TASK BRIEF. Reproduce the listing that follows in full. Omit its images.

DATA PROVIDED.
+++

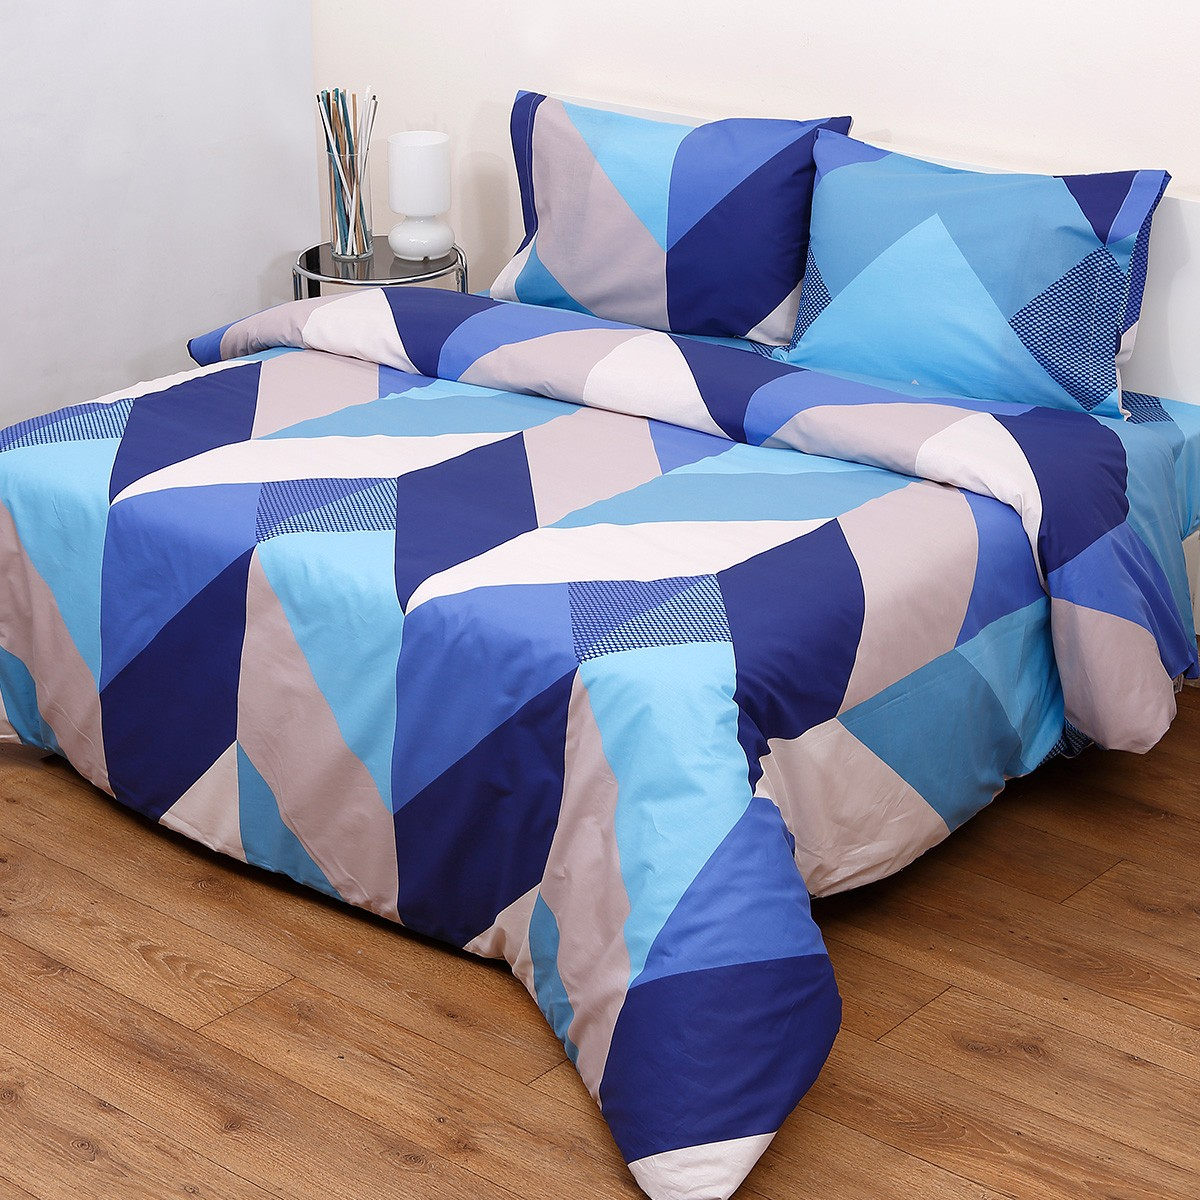 Σεντόνια Ημίδιπλα (Σετ) Viopros Fresh Ένζο Μπλε 71822
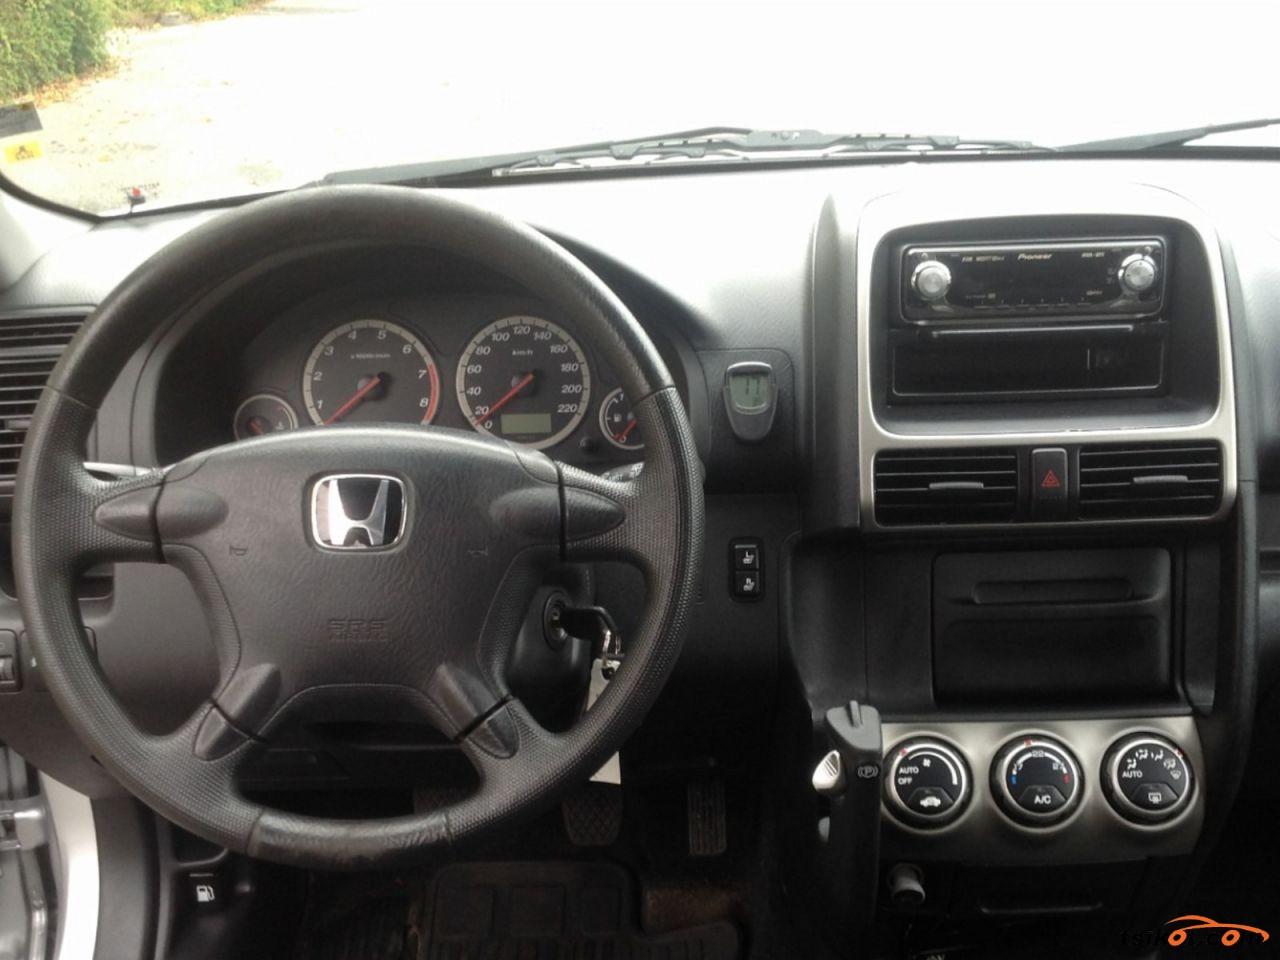 Honda Cr-V 2004 - 3
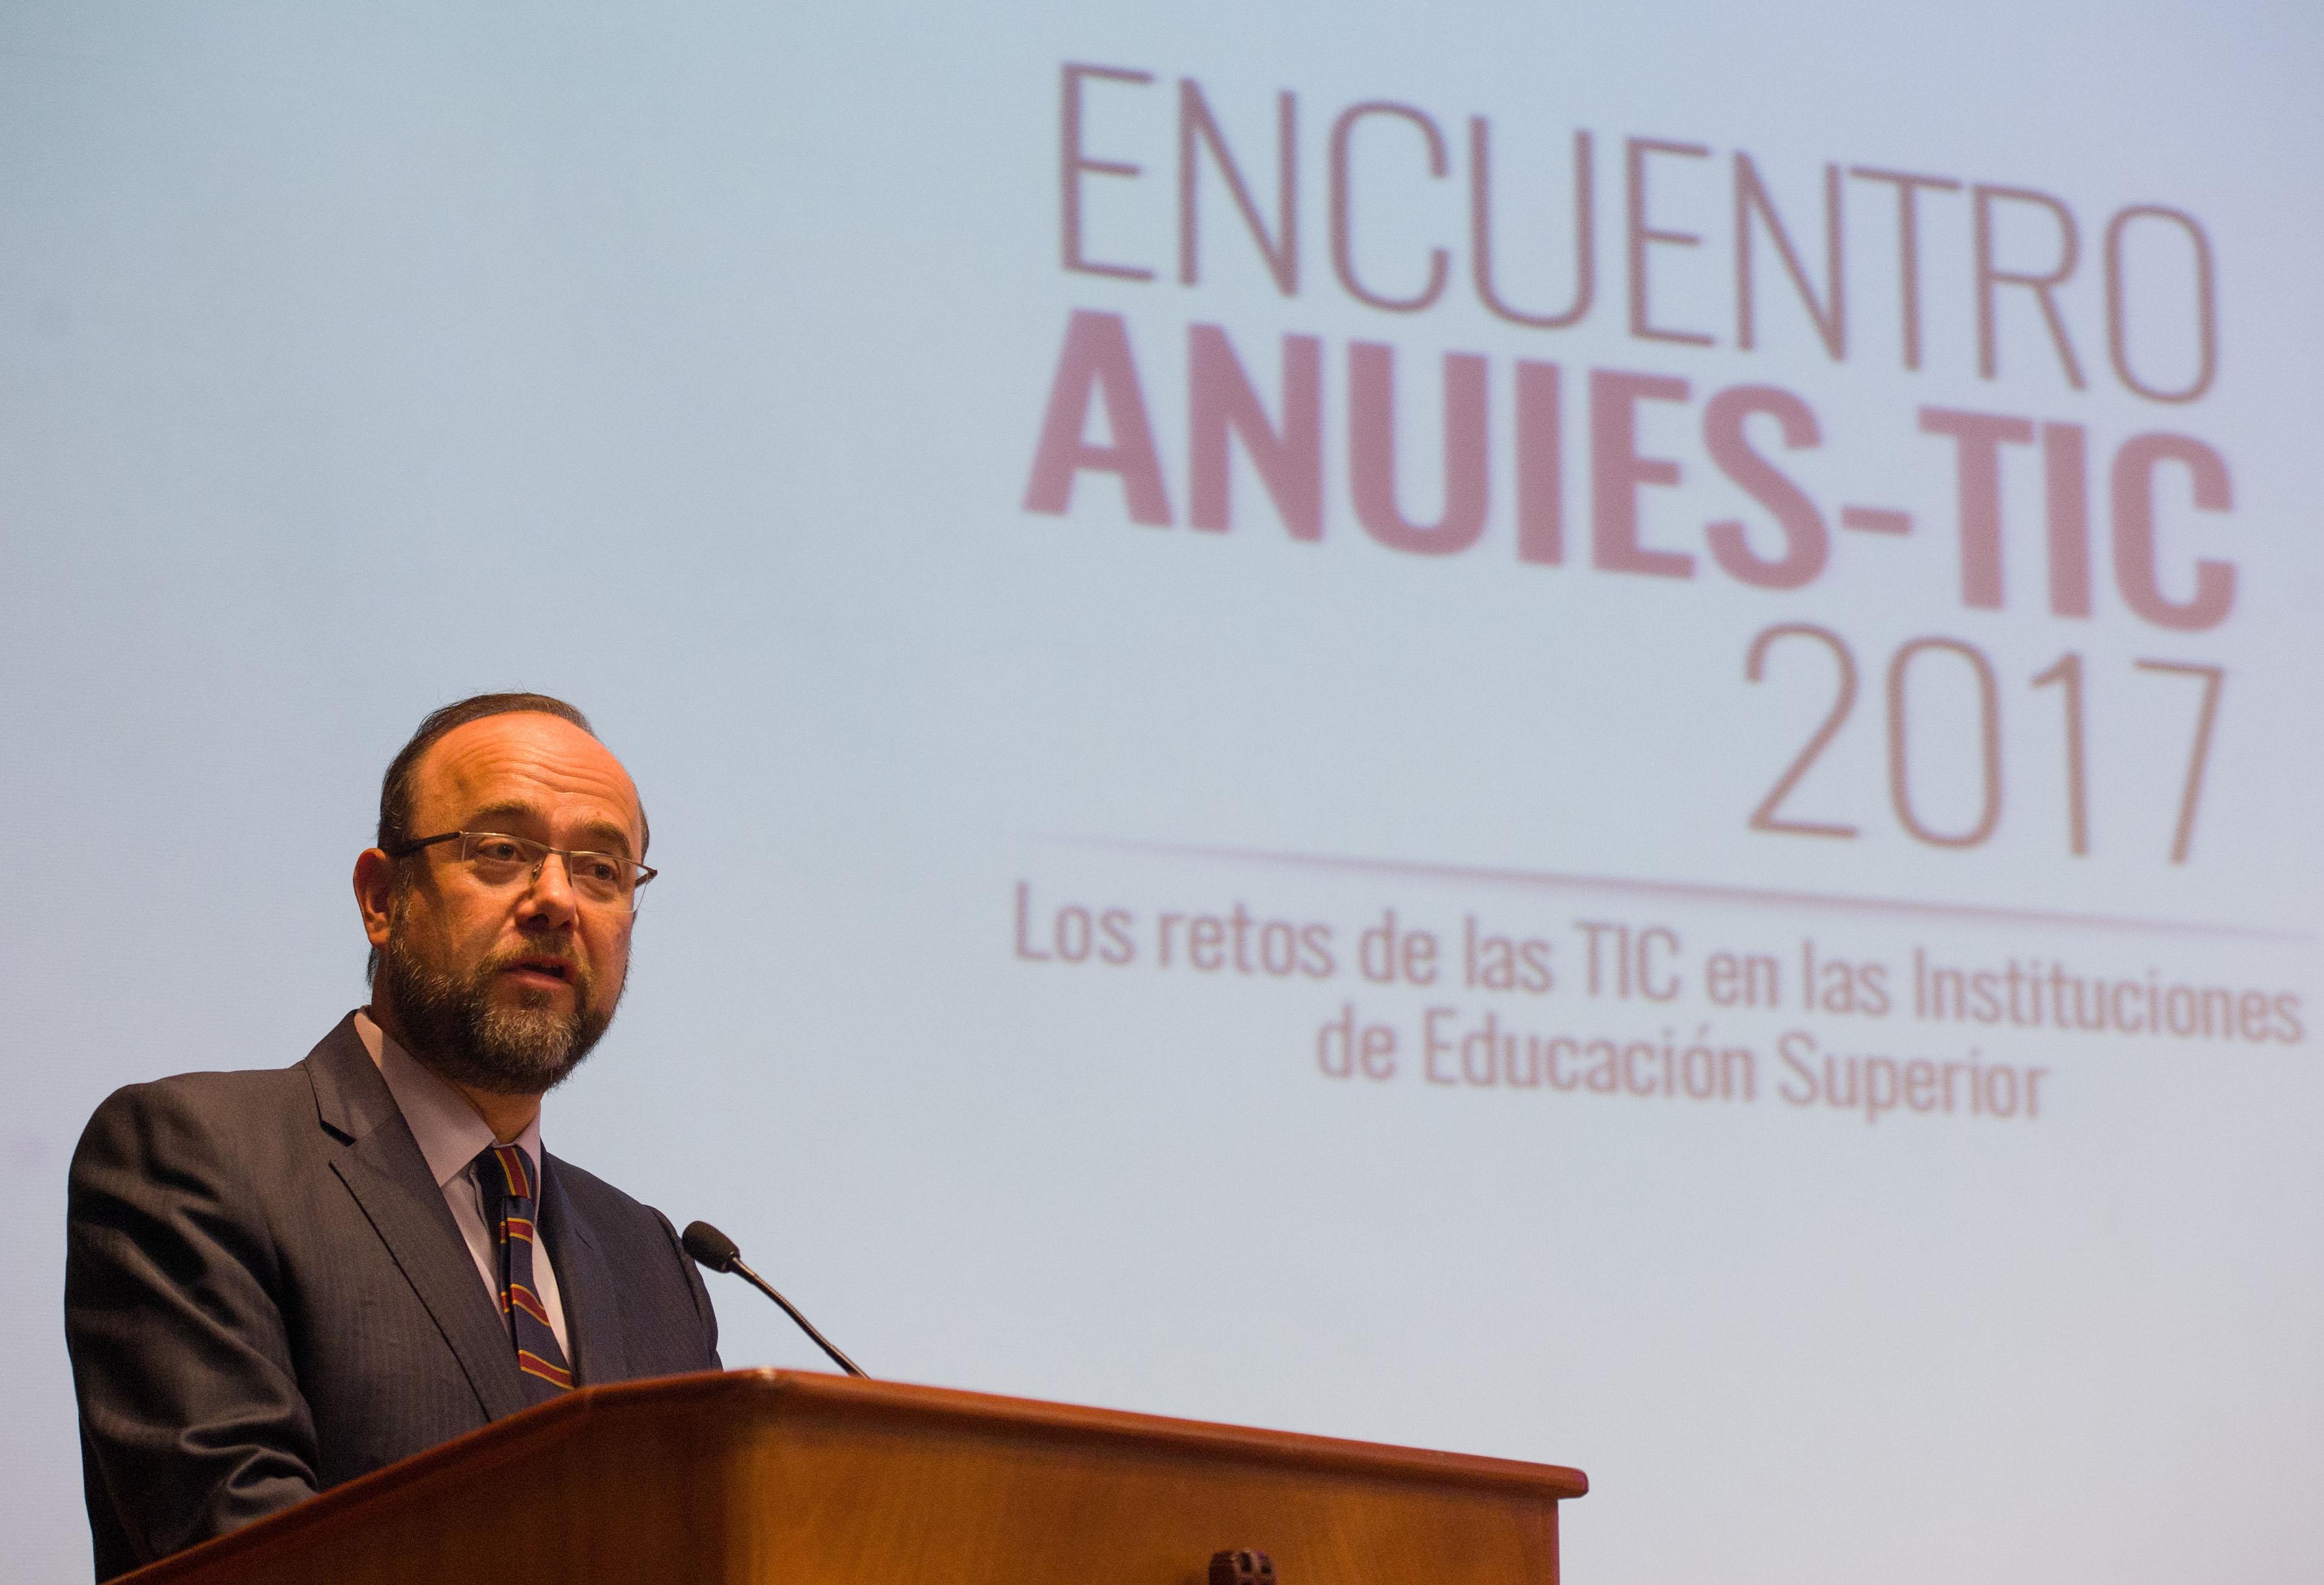 Mtro. Jaime Valls Esponda Jaime, Secretario General de la ANUIES, haciendo uso de la palabra

+++

SOLUTION.
 Σεντόνια Ημίδιπλα (Σετ) Viopros Fresh Ένζο Μπλε 71822
 Honda Cr-V 2004 - 3
 Mtro. Jaime Valls Esponda Jaime, Secretario General de la ANUIES, haciendo uso de la palabra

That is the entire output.